Y en cuanto a seguir escribiendo "todavía más" después de su captura, hemos de continuar el hilo de su relato, porque no tiene desperdicio alguno: "En ese tiempo hice una colección mecanografiada clandestina, yo mismo la cosía y la pasaba hoja por hoja con papel barba. En ese tiempo no existía la fotocopia. Hacía diez ejemplares de unas veinte páginas. Cada ejemplar dedicado a un determinado poeta: Celaya, Hierro, Leopoldo de Luis... Todos estaban entusiasmados con aquella colección?"

En el libro de Bruce Meyer mencionado antes, me encontré con una referencia al poeta romántico inglés William Wordsworth donde éste definía al poeta como "un hombre que habla a los hombres". Un poeta es un hombre que habla a los hombres, dotado de una sensibilidad más viva, de más entusiasmo y de una mayor ternura que la del resto, y que tiene, además, un conocimiento superior de la naturaleza humana y un alma más grande de lo que es normal entre el género humano.

A José María Millares le tocó librar batallas que estaban más allá de la censura política y cultural que sufrió. Entre ellas, encontrar su propio perfil creativo entre las sombras alargadas de sus dos hermanos más próximos: el gran pintor Manolo Millares, y el poeta social y casi titánico Agustín Millares. En segundo lugar, desmarcarse, con el coraje que lo hizo, de la poesía comprometida de la que él mismo participó en 1947, año de la publicación de la Antología cercada, en Las Palmas de Gran Canaria, y emprender un nuevo vuelo estético que él supo decidir sin rubor en la publicación de su libro Liverpool en 1949. Y, en tercer lugar, continuar sin descanso su singular obra poética, incluso en contra de las inoportunidades editoriales y de la pobreza cultural de muchos de los años que le tocó vivir.

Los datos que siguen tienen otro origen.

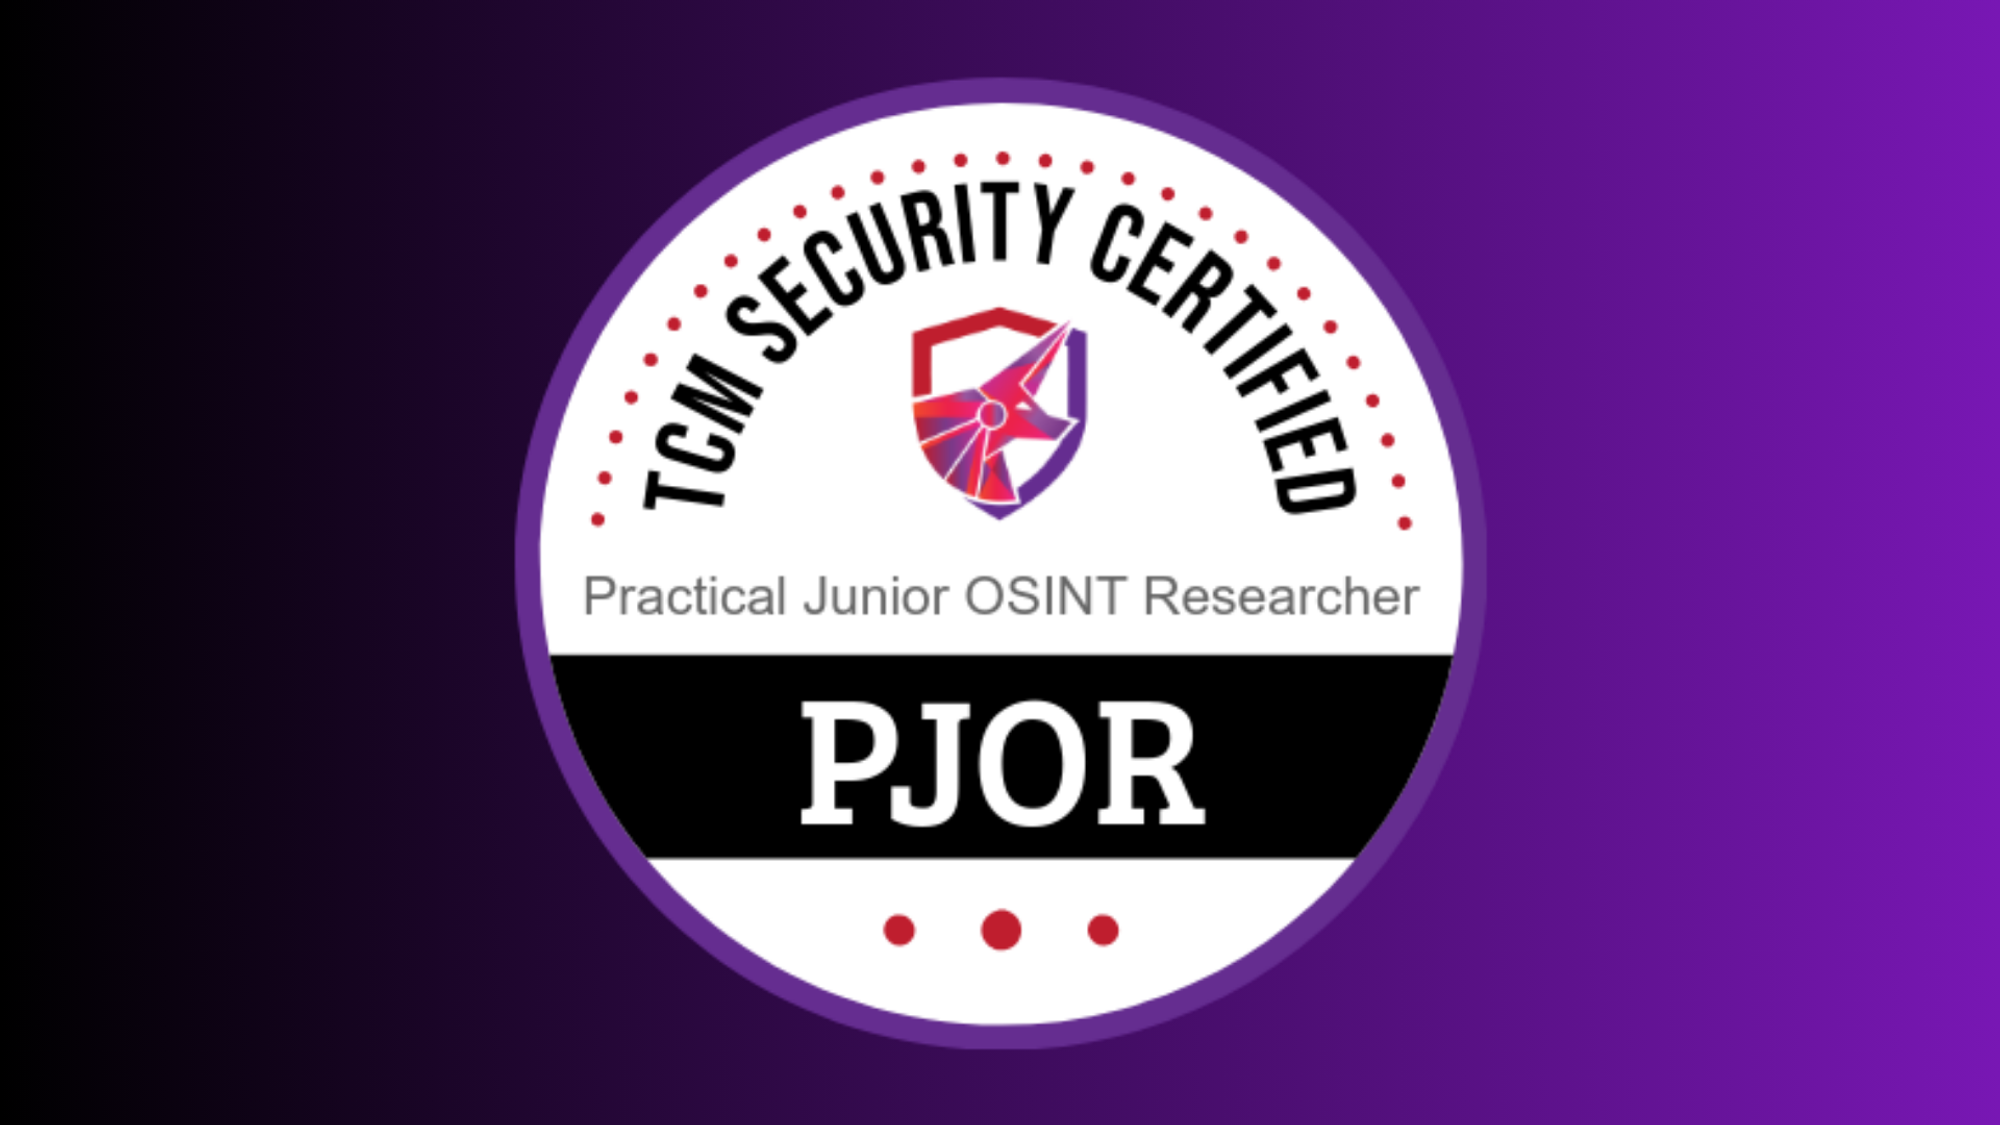 PJOR Certification Review & Advice

En marzo de 2009, el jurado nombrado al efecto para otorgar los Premios Canarias concedió a José María Millares el de Literatura. Confieso que voté por Millares a pesar de que otros aspirantes a ese galardón presentaban méritos suficientes para ser merecedores de él. Voté a Millares porque conocía su obra y su bondad y porque lo había oído leer recientemente (el 14 de diciembre de 2007), en la Casa de Colón de Vegueta, el discurso de ingreso como miembro honorario de la Academia Canaria de la Lengua. Todos los asistentes a ese acto pensábamos que Millares delegaría en otra persona la lectura del texto redactado a tal efecto, pero todos, igualmente, nos asombramos cuando se presentó en la tarima y, sacando fuerzas de unos pulmones que ya se le resistían, nos dio una lección de cuál es el oficio del poeta: la de saber dónde está la libertad, la estética y la ética, y la de ir en su búsqueda, caiga quien caiga.

En ese diciembre de 2007, ya José María estaba tocado de la muerte que ahora le ha llegado, pero todo eso lo afrontaba con una sonrisa apacible y condescendiente. Él ya sabía dónde estaba el final, pero las victorias sobre el lenguaje que enfrentó para hacer su indelegable obra y sobre los que se lo impidieron durante décadas eran ya suficientes. La heroicidad estaba probada y ya se podía ir de este mundo con la satisfacción del deber cumplido.